Truckee looking to offer alternatives to housing requirements
With Truckee still locked in a housing crisis the town is reevaluating its inclusionary housing ordinance for other methods for developers to meet requirements.
The ordinance requires all residential projects to designate 15 percent of units as affordable. However, developers have proposed other “alternative equivalents” to that requirement, including paying an in-lieu fee. All proposals have been considered on a case-by-case basis.
“I’d like to be as open minded as we can possibly be to get as much housing as we can,” said Council Member Jessica Abrams.
Since the ordinance was adopted in 2007 only a handful of alternative proposals have been approved, according to a staff report. The most recent being Coburn Crossing, which agreed to make its housing units 100 percent deed restricted to locals in perpetuity, but with no affordability caps.
According to a staff report, several developers have asked if a variety in length of deed restrictions can be considered an alternative equivalent. Council Member Anna Klovstad said a deed restriction would only solve part of the problem.
“I’m not comfortable saying as a broad stroke we’d allow locals only as the equivalent,” said Klovstad. “I’d agree that a short term 10- to 15- to 20-year deed restriction is not really satisfying,” she said. “Our need for housing isn’t going to change in 10, 15, 20 years.”
Other developers have proposed building smaller units that are affordable by design but are reluctant to deed restrict or commit to price levels.
“All housing is equally important but we definitely have to focus on our achievable or below,” said Polivy, adding that any deed restriction should be at least 25 years.
Affordable housing is defined by the town as units affordable to extremely low-income households up to above moderate income households.
An extremely low income household is defined as a household earning a gross income of no more than 30 percent of the median income while above moderate income households earn no more than 160 percent of the median income.
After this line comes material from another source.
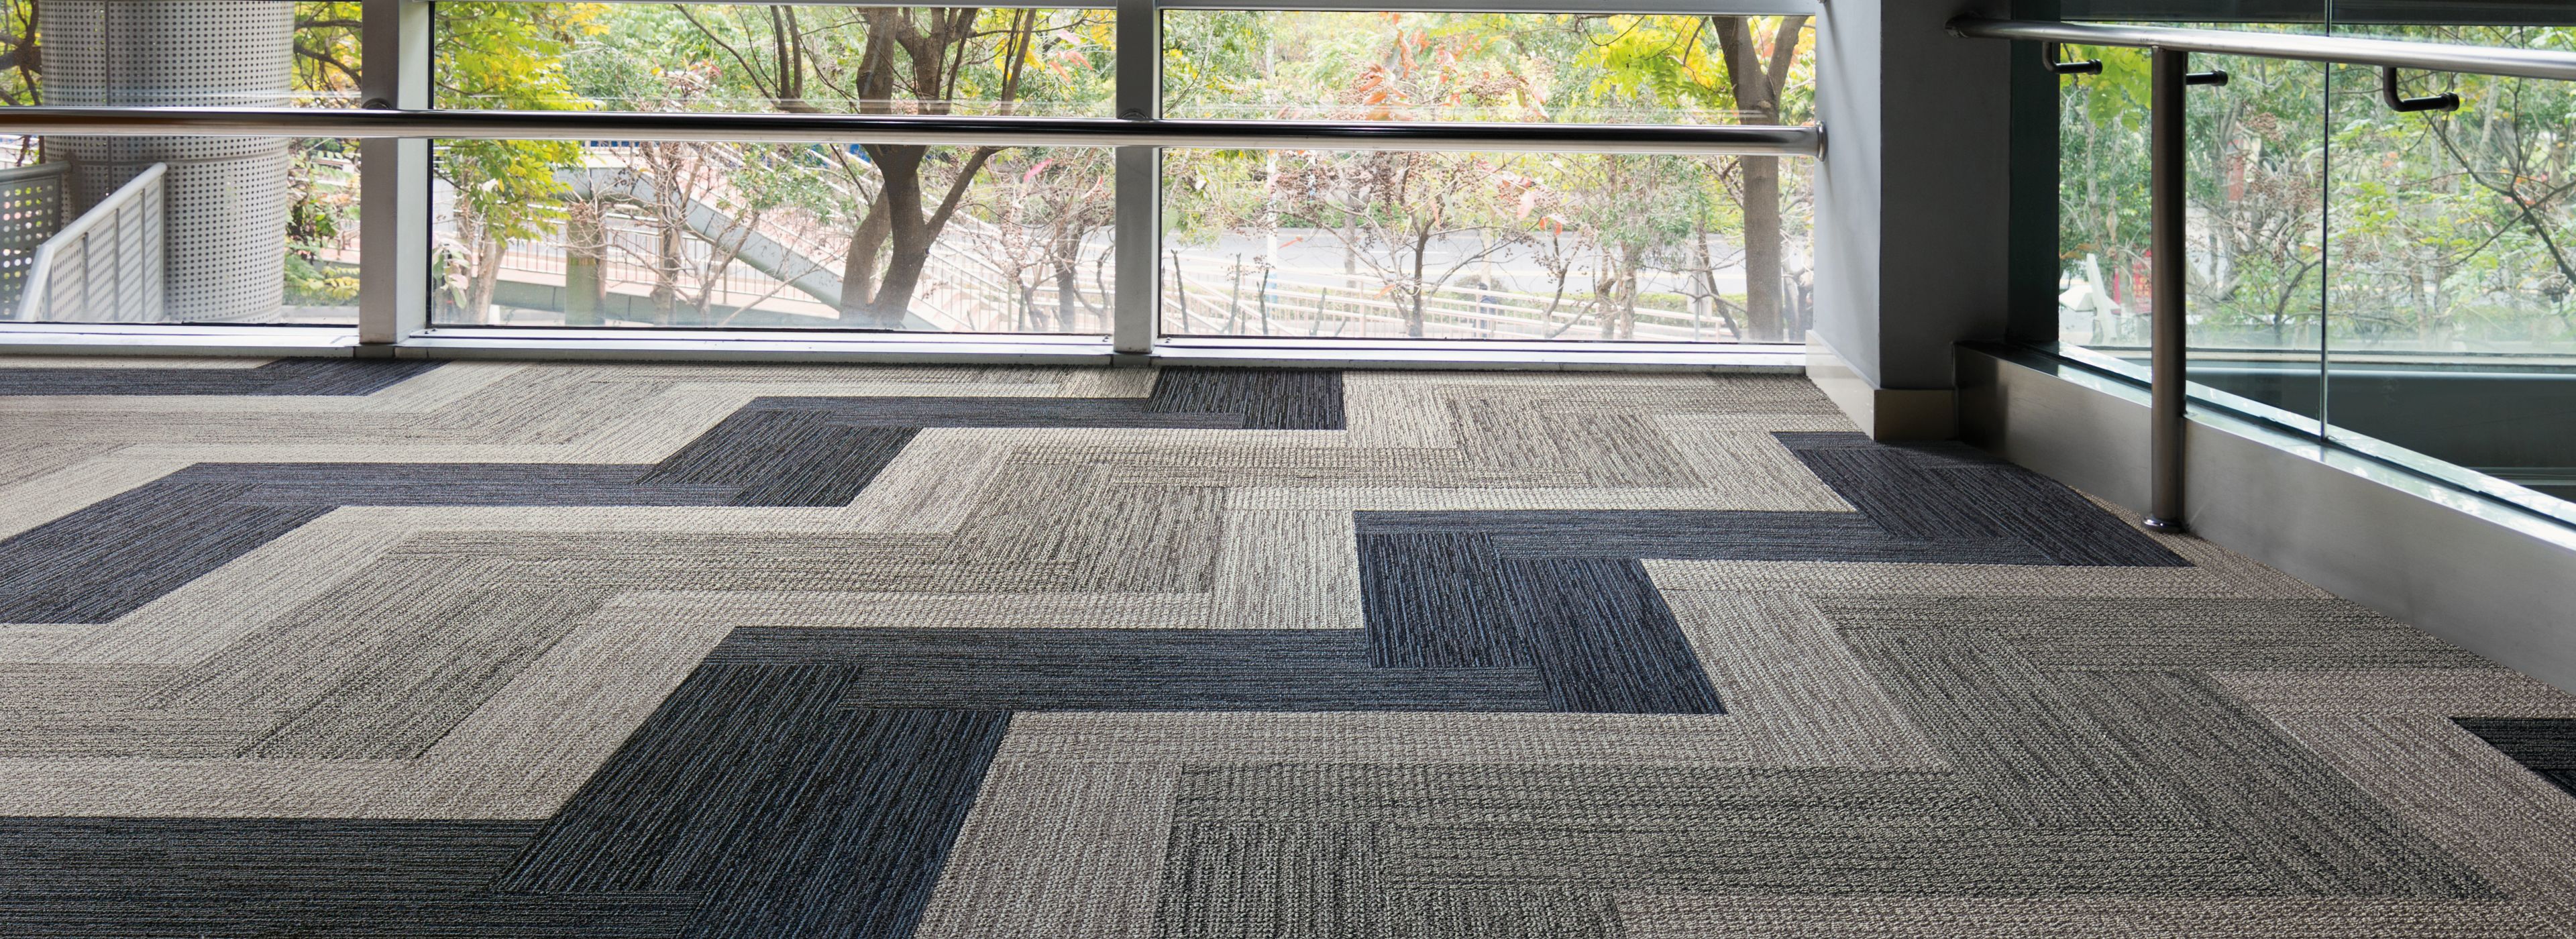 Interface Afternoon Light and Winter Sun carpet tile in open area with glass walls imagen número 1

Very low income households earn no more than 50 percent of the median income and low income households earn no more than 80 percent of the median income.
Since the town adopted its inclusionary housing ordinance several projects have been constructed. Currently there are 611 affordable housing units in Truckee that are either constructed, being built or approved. Out of the town’s 13,232 units, the 611 affordable units make up 4.6 percent of the housing stock.
Since the housing ordinance was passed in 2007, 137 affordable units have been built.
The 349 affordable units that have been built include 92 units at Hennes Flats, 50 of which are for very low income households, and the 31 very low income units at Frishman Hollow. Other projects that provide housing for low income households are the Sierra Village Apartments, Truckee Pine Apartments, Truckee Donner Apartments, River View Homes and Stoneridge.
MORE ON THE WAY?
There are 262 affordable units currently being built. These include 138 units at Coburn Crossing, 77 units at the Artist Lofts and 48 units at Coldstream. Only the 55 units at the Artist Lofts, part of the downtown Railyard project, are suitable for extremely low or very low income households.
According to a staff report, there is a significant shortage in the availability of affordable units for extremely-low to moderate income households. This could be due to the lack of diversity in housing, as 84 percent of Truckee’s housing stock is single family residential.
A 2016 regional housing study reported that the region lacked 12,160 units to serve the local workforce. Of those units, 57 percent are needed for low income households.
While the Mountain Housing Council has established a policy to broaden the definition of affordable housing to include local achievable housing, the town has not yet adopted a broader definition of affordable housing.